Mayukh Dealtrade Limited (now known as Sattva Sukun Lifecare Limited) has great news for its shareholders. Trading at just under ₹3, this penny stock is gearing up to distribute bonus shares. The company has announced the issue of bonus shares in the ratio of 3:5. This means that for every 5 shares held, eligible investors will get 3 additional bonus shares free of cost.

Ratio of Bonus Share and Current Share Price

  • Ratio: 3:5 (3 bonus shares on 5 existing shares).
  • Face value: ₹1 per share.
  • Current trading price: ₹2.12.
  • Six-month performance: The stock has gained up to 70%.

What is the record date of bonus shares?

Mayukh Dealtrade has fixed the record date for the bonus shares as January 17, 2025.

  • The company has said in its filing that this date has been fixed to ensure eligibility for receiving bonus shares.
  • This bonus issue is for those investors whose names are registered in the shareholder register of the company by January 17.

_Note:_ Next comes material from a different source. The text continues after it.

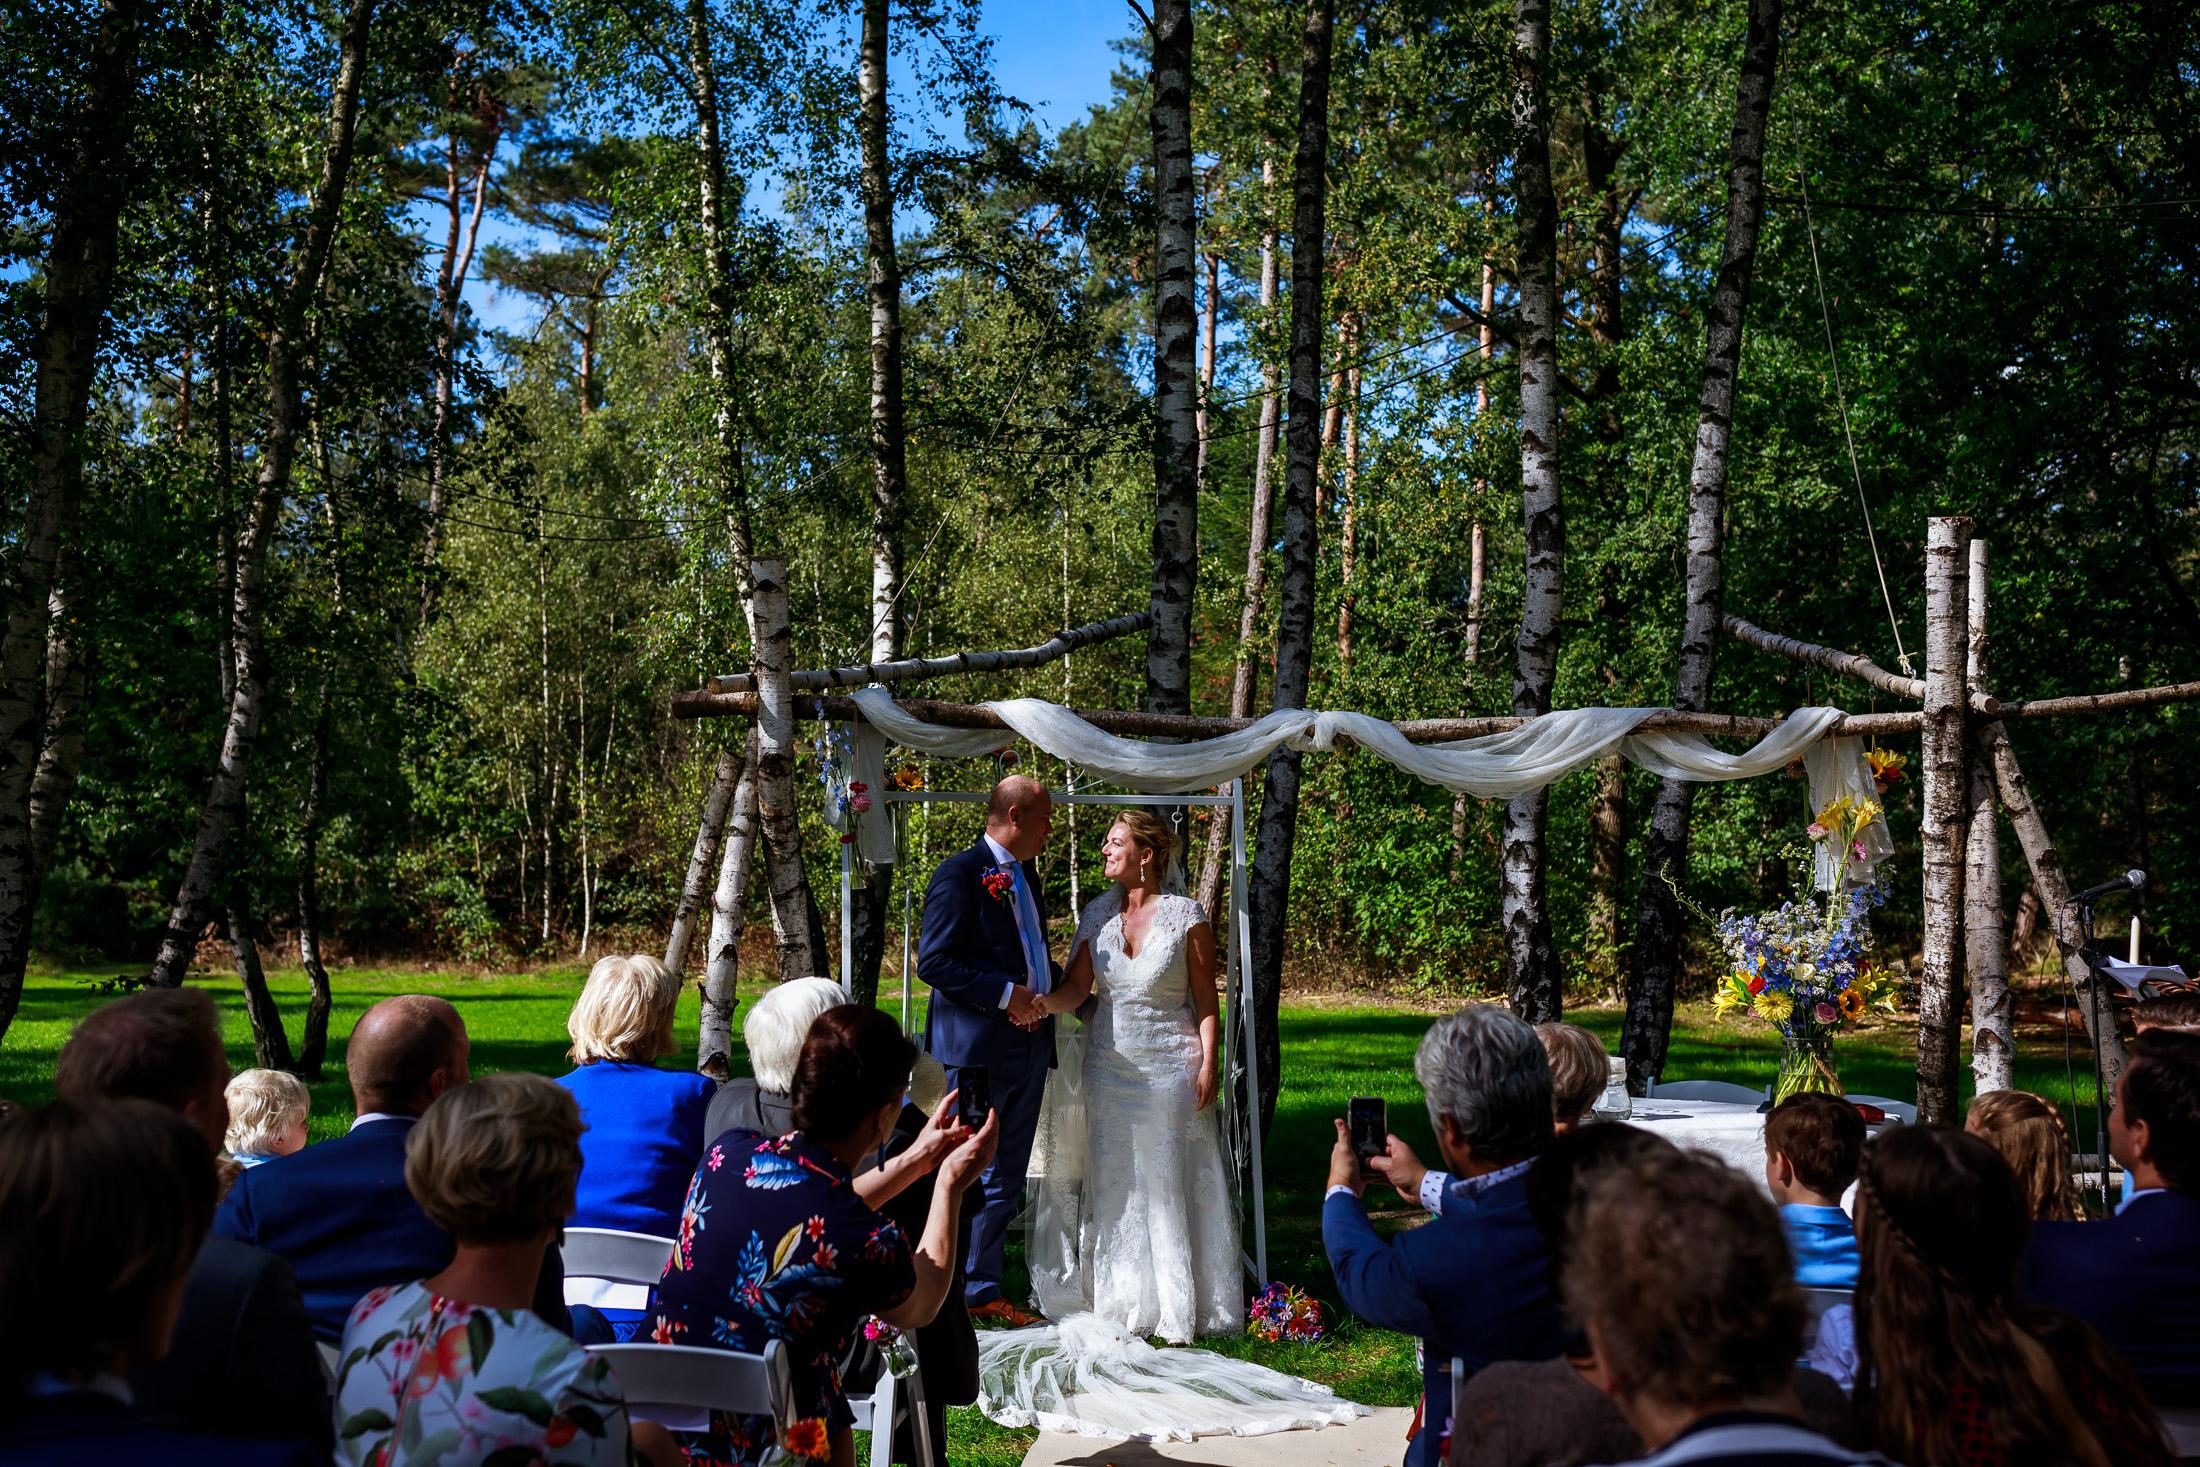 Mooiste trouwlocaties van Nederland | Trouwen bij Feel Good Tent Event | Trouwen in het bos | Trouwen in Lage Vuursche | Buiten trouwen| Buitenbruiloft

Company history and operations

Mayukh Dealtrade Limited (now Sattva Sukun Lifecare Limited) started its operations in sectors such as media, steel, and infrastructure.

  • Year established: August 1980.
  • Current Occupation:
    • Consumer goods trade.
    • The product range includes steam vaporizers, camphor burners, sarees, kapurdani, and other household items.
  • Recently the name of the company has been changed to Sattva Sukun Lifecare, and is being traded in the stock market with the same name.

Investors benefit from bonus shares

  • Free shares: Existing shareholders will get bonus shares based on their holdings.
  • More shares at a lower price: Being in the category of penny stocks, this bonus can make it an attractive option for small investors.
  • Long-Term Growth: The company’s recent rebranding and business activities in diverse sectors highlight its future prospects.

What to do for investors?

  1. Ensure eligibility for Bonus Share:
    • Buy shares of the company and keep it in your portfolio till January 17, 2025.
  2. Take a long-term approach:
    • The company’s growth plans could make it a potential option for long-term investment.
  3. Assess the Risk of Penny Stocks:
    • Despite the benefits of bonus shares, investing in penny stocks can be risky.